Midnight Oil singles chronology
| "Gadigal Land" (2020) | "First Nation" (2020) | "Rising Seas" (2021) |

Jessica Mauboy singles chronology
| "Butterfly" (2020) | "First Nation" (2020) | "Glow" (2021) |

Tasman Keith singles chronology
| "64 Bars" (2020) | "First Nation" (2020) | "No Country" (2020) |

= First Nation (song) =

2020 single by Midnight Oil featuring Jessica Mauboy and Tasman Keith)

"First Nation" is a song by Australian rock band Midnight Oil featuring Jessica Mauboy and Tasman Keith. The song was released on 25 September 2020 as the second single from the band's twelfth studio album The Makarrata Project; a themed mini-album of collaborations with Indigenous artists.

At the 2021 ARIA Music Awards, the Robert Hambling directed video was nominated for Best Video.

At the APRA Music Awards of 2022, the song was nominated for Song of the Year.

==Background and recording==
Tasman Keith said Midnight Oil contacted him and asking to contribute to the album, which Keith described as "a surreal moment". Keith said "the first song they had in mind for me, I wasn't sure about it, I couldn't see myself adding to it, so they played me a few other songs, when I heard 'First Nation', I knew it was the one." Keith felt connected to the song and wrote his own verse, putting his own touch on the tune, which made the final version. Keith said it was only once he was in the studio that someone told him that Jessica Mauboy was also contributing vocals to the song as well with Keith confessing "It was a while before I processed it all, I was too busy working to get star struck, but a few weeks later, it hit me, I have a song with Jess Mauboy and Midnight Oil."

Jessica Mauboy told National Indigenous Times she was "pinching herself the entire time they were recording", and she felt "a deep connection to the track". Mauboy said "This is such a signature for Midnight Oil. This is their identity. The lyrics are so proper true, tears started rolling out my eyes when I heard it and I looked at Peter and he started crying.
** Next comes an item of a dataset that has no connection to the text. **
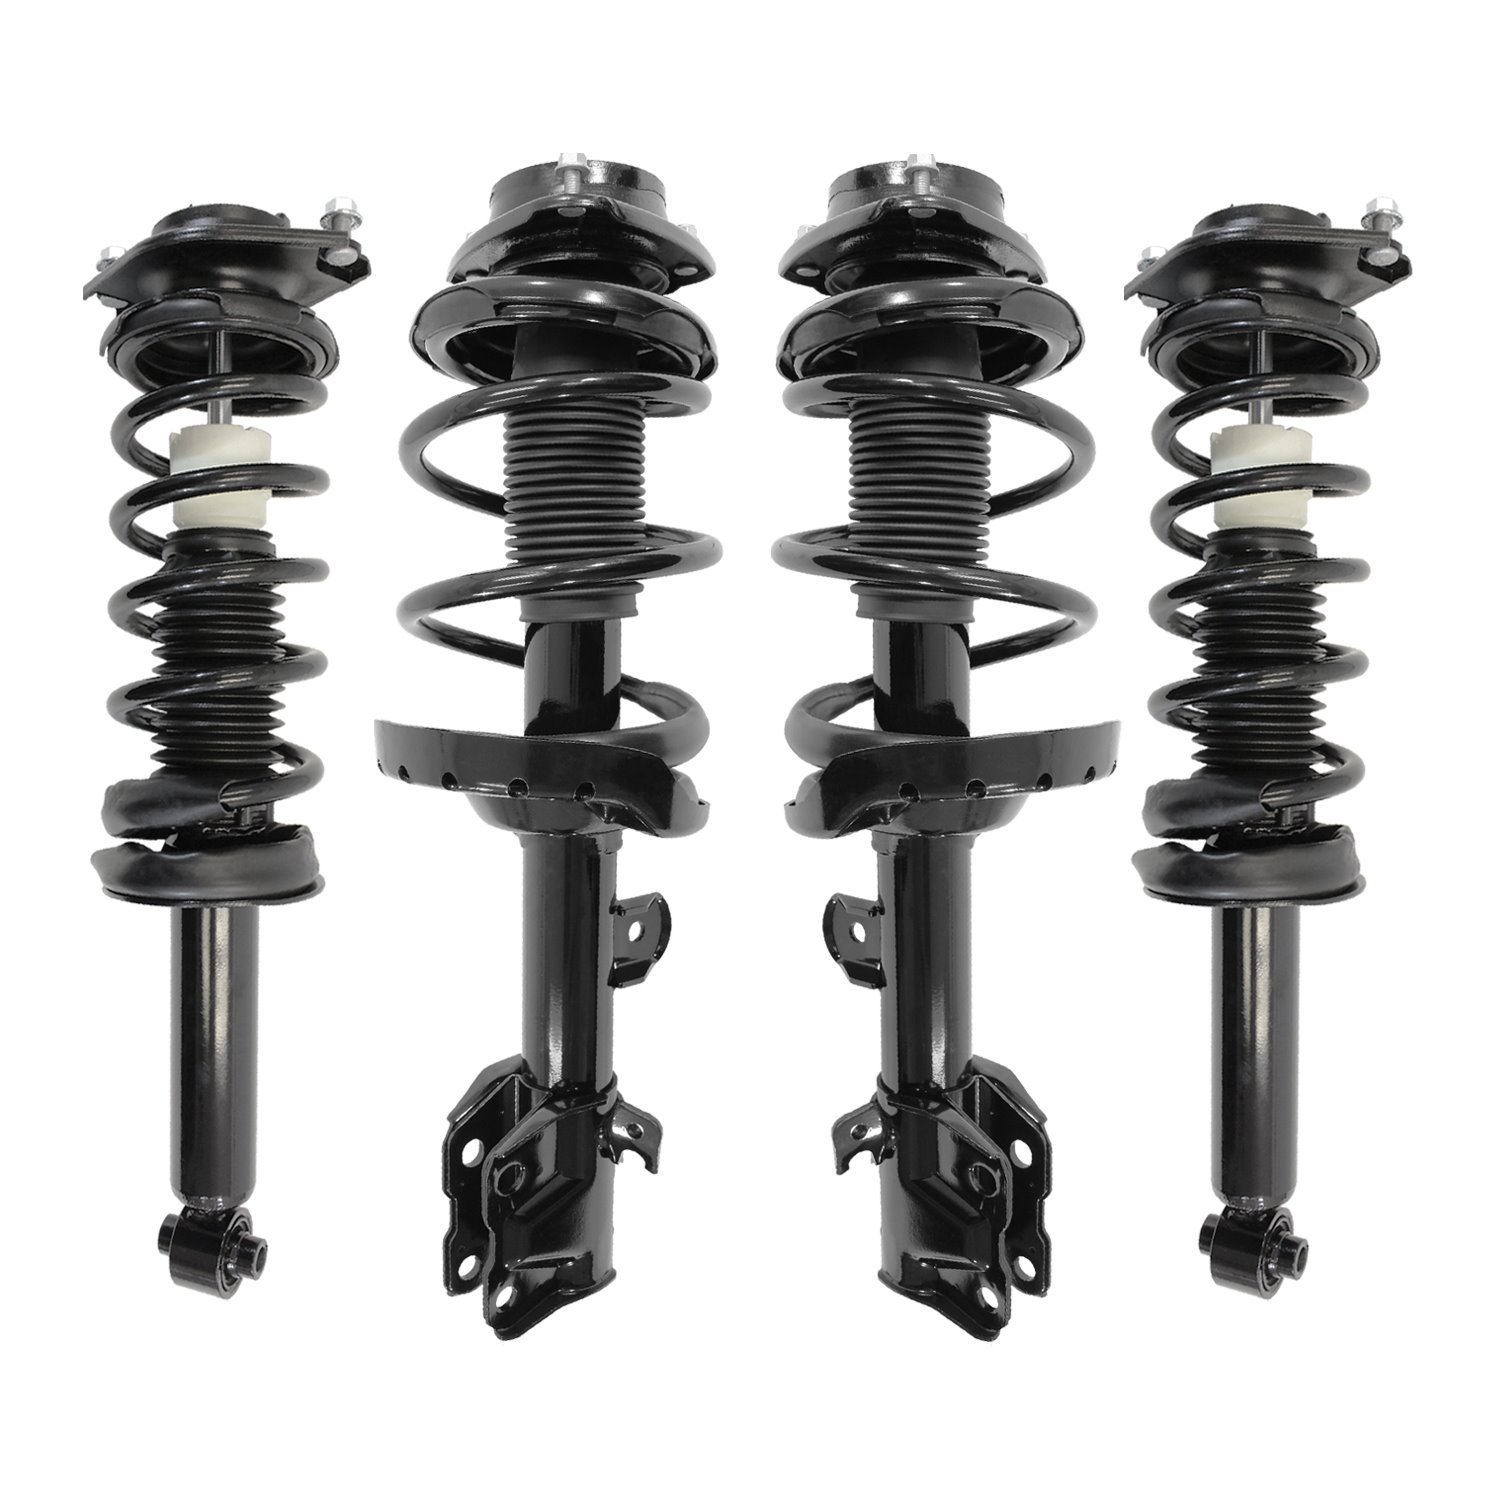 4-13371-16120-001 Front & Rear Suspension Strut & Coil Spring Assembly Kit Fits Select Subaru Outback
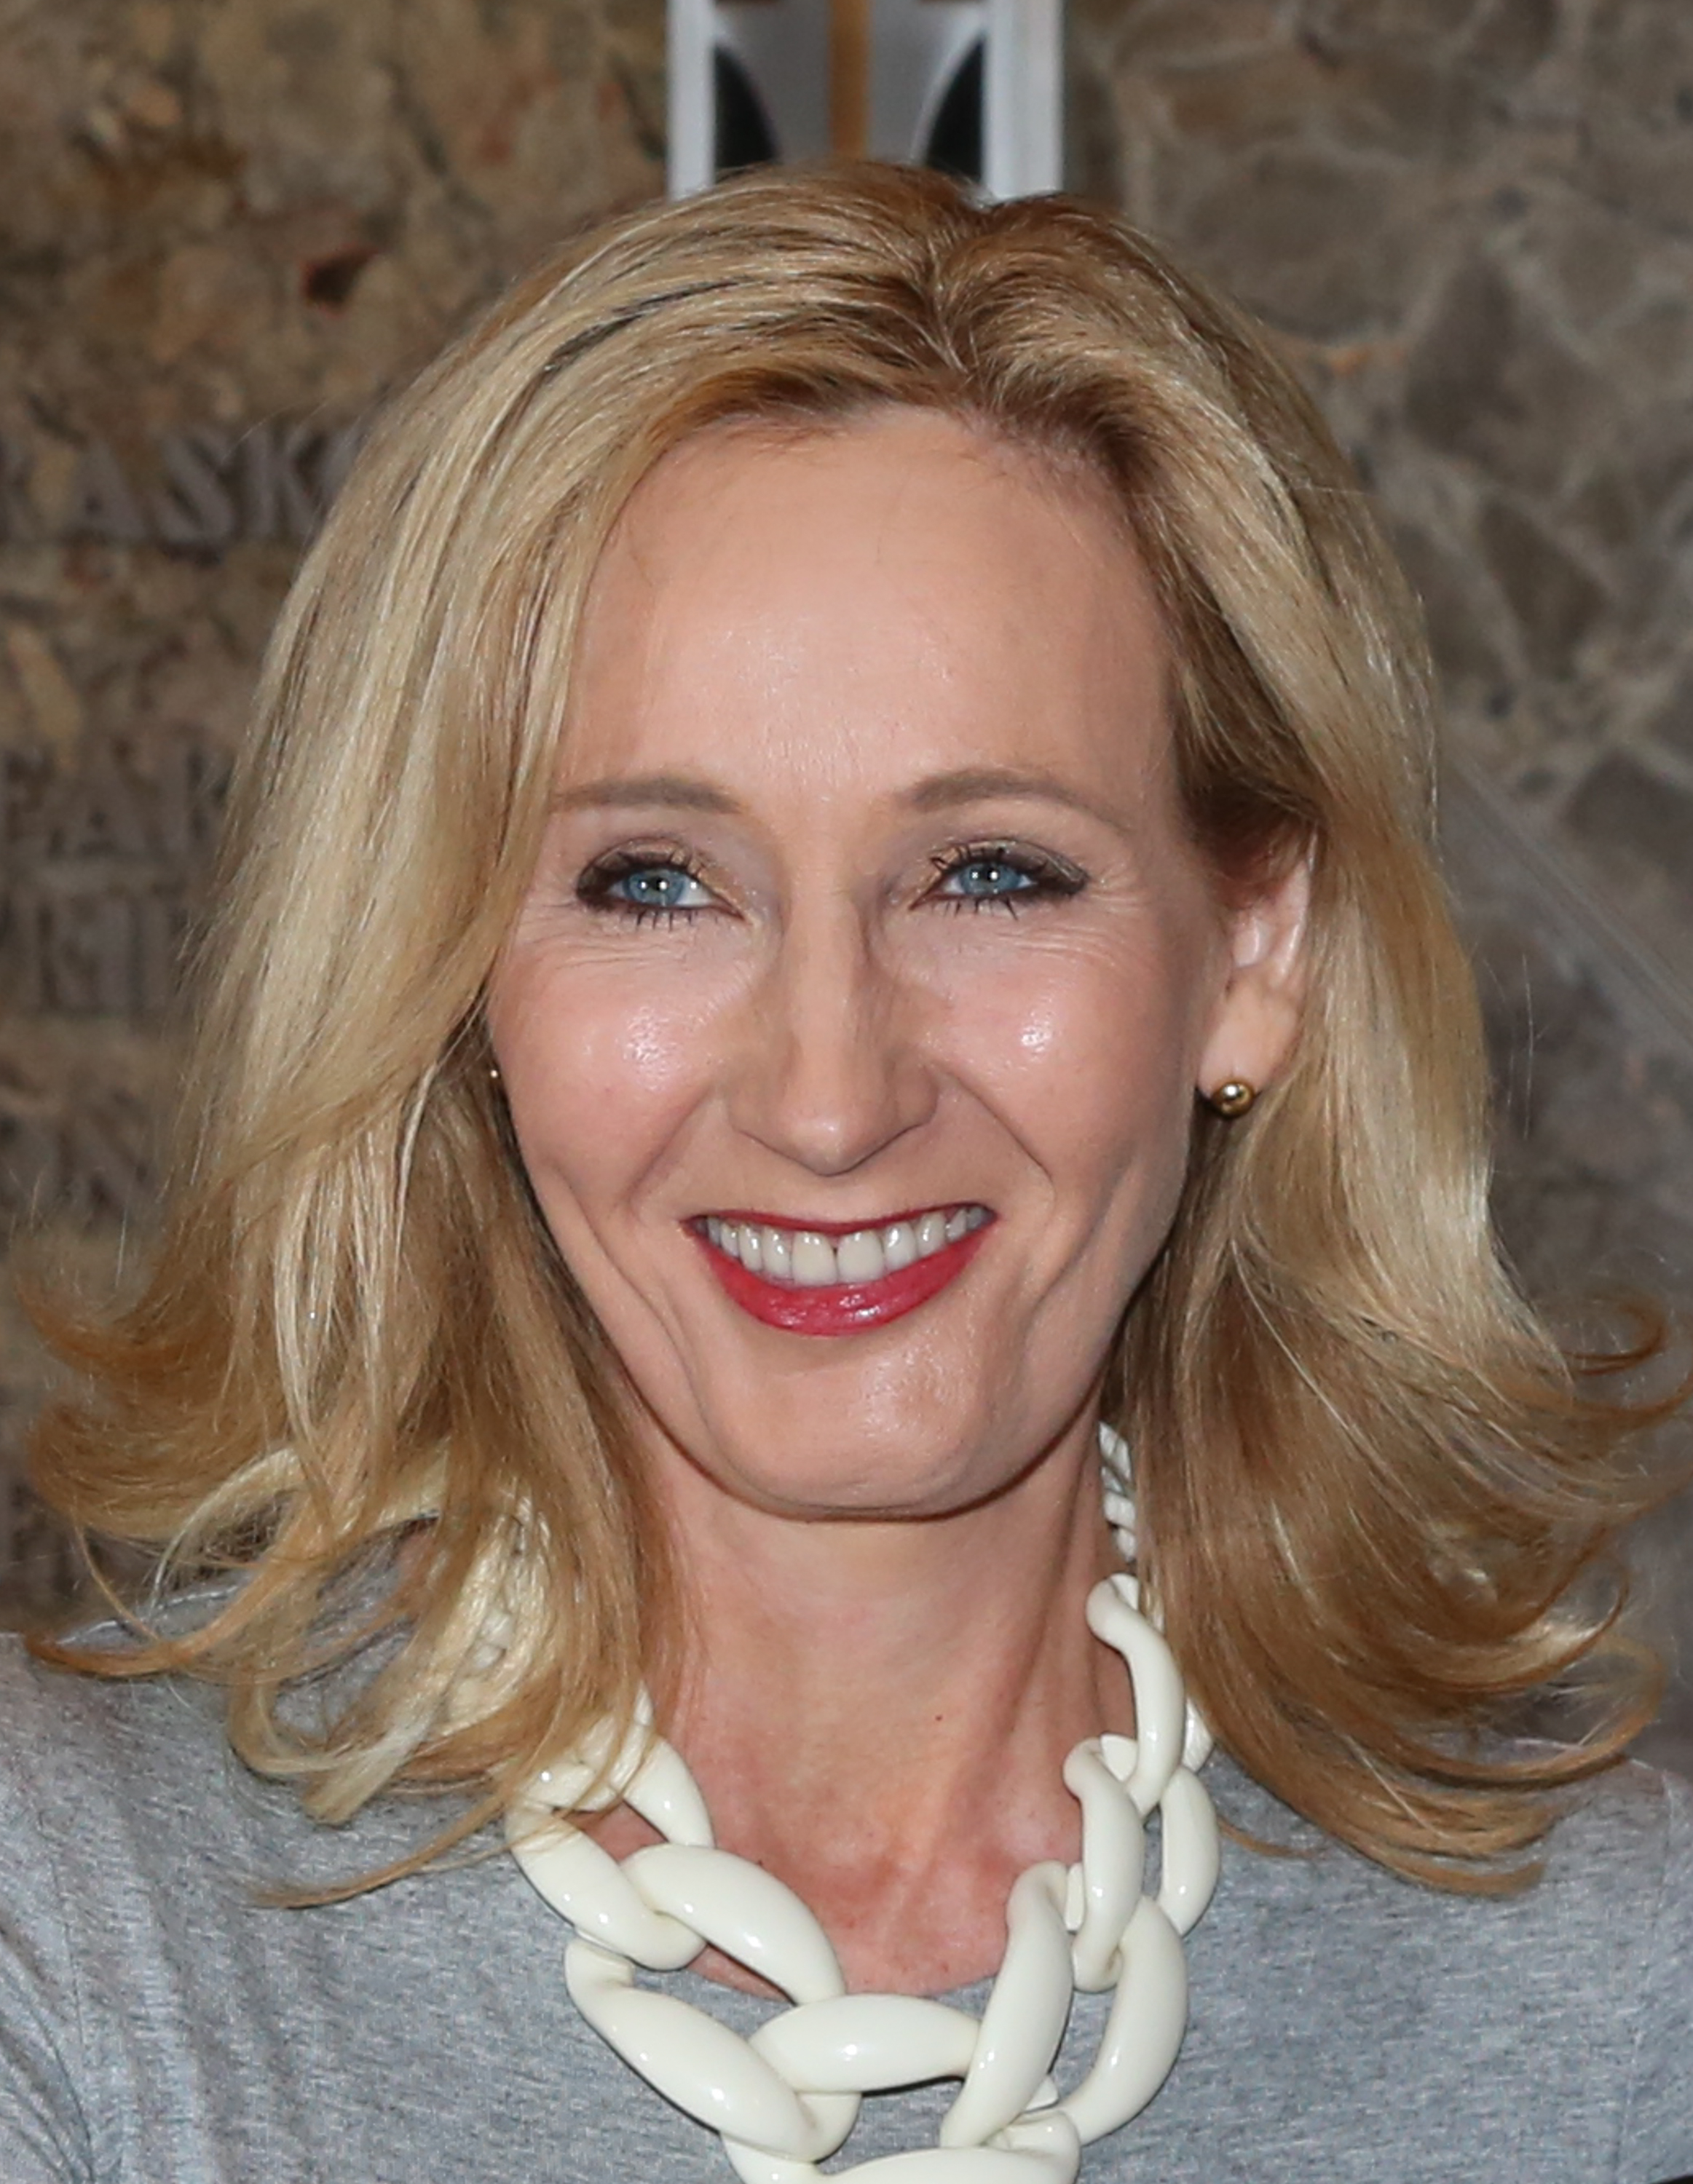 J.K. Rowling at the USA launch of her non-profit children's organization, Lumos, at The Empire State Building in New York City on April 9, 2015.

It was the first time falling in love with it … when I got an MP3 file I was playing it non-stop."

==Live performances==
The group performed the song on The Sound on 1 November 2020.

==Critical reception==
In an album review, Bernard Zuel from The Guardian described the song as having "tense-but-rhythmic groove" and believed it echoed their 1987 single "Put Down That Weapon".

Also in an album review, Timothy Monger from AllMusic said "The powerful opener (First Nation) weaves its collaborators seamlessly into Midnight Oil's wiry guitar attack with pop singer Jessica Mauboy and rapper Tasman Keith adding some youthful fire into the mix."